▶ _Task to complete_
Below this line is the material. Write out only its lines from the one containing "Metod Keuken Ikea" through the one containing "Kent-Festival-Tipi-wedding-photography_0129", both kept, exactly.

▶ _Given data_
• • •

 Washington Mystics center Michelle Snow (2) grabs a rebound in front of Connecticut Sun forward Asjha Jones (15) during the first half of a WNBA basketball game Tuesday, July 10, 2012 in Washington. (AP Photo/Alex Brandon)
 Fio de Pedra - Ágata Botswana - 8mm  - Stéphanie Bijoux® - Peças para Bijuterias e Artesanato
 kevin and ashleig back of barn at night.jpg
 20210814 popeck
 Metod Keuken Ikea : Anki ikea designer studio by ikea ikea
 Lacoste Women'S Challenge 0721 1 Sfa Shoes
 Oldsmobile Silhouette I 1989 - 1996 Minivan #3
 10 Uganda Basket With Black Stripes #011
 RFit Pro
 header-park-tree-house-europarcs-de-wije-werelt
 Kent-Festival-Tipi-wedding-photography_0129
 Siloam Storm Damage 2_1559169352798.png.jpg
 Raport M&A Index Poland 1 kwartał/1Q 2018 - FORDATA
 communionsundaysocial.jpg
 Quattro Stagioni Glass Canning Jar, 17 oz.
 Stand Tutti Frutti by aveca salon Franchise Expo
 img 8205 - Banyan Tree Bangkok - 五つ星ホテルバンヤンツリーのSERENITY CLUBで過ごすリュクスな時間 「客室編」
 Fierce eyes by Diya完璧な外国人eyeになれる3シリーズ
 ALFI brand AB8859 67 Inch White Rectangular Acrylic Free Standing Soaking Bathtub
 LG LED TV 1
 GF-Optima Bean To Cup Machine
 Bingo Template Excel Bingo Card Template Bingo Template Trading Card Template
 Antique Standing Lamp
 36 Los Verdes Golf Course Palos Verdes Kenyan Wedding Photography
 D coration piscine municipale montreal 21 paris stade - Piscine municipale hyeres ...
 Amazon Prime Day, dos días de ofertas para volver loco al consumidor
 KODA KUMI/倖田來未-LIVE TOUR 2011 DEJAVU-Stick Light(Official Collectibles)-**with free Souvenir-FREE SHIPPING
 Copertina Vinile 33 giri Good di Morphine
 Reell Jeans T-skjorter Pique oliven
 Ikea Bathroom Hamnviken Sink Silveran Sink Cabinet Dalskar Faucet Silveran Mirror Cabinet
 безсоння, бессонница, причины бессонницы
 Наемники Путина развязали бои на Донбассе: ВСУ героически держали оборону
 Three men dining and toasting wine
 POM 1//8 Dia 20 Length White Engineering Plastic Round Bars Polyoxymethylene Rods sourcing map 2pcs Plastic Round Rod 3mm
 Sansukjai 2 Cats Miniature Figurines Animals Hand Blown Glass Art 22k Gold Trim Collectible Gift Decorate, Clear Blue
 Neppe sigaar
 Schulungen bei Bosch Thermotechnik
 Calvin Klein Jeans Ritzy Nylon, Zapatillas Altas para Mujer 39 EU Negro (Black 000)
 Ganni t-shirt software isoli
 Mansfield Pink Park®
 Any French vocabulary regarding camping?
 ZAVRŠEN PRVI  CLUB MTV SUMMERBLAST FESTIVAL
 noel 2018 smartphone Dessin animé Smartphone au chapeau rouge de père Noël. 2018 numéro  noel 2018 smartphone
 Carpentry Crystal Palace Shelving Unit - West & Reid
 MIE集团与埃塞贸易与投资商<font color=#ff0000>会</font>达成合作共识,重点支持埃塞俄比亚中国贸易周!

• • •

▶ _Result for this exercise_
 Metod Keuken Ikea : Anki ikea designer studio by ikea ikea
 Lacoste Women'S Challenge 0721 1 Sfa Shoes
 Oldsmobile Silhouette I 1989 - 1996 Minivan #3
 10 Uganda Basket With Black Stripes #011
 RFit Pro
 header-park-tree-house-europarcs-de-wije-werelt
 Kent-Festival-Tipi-wedding-photography_0129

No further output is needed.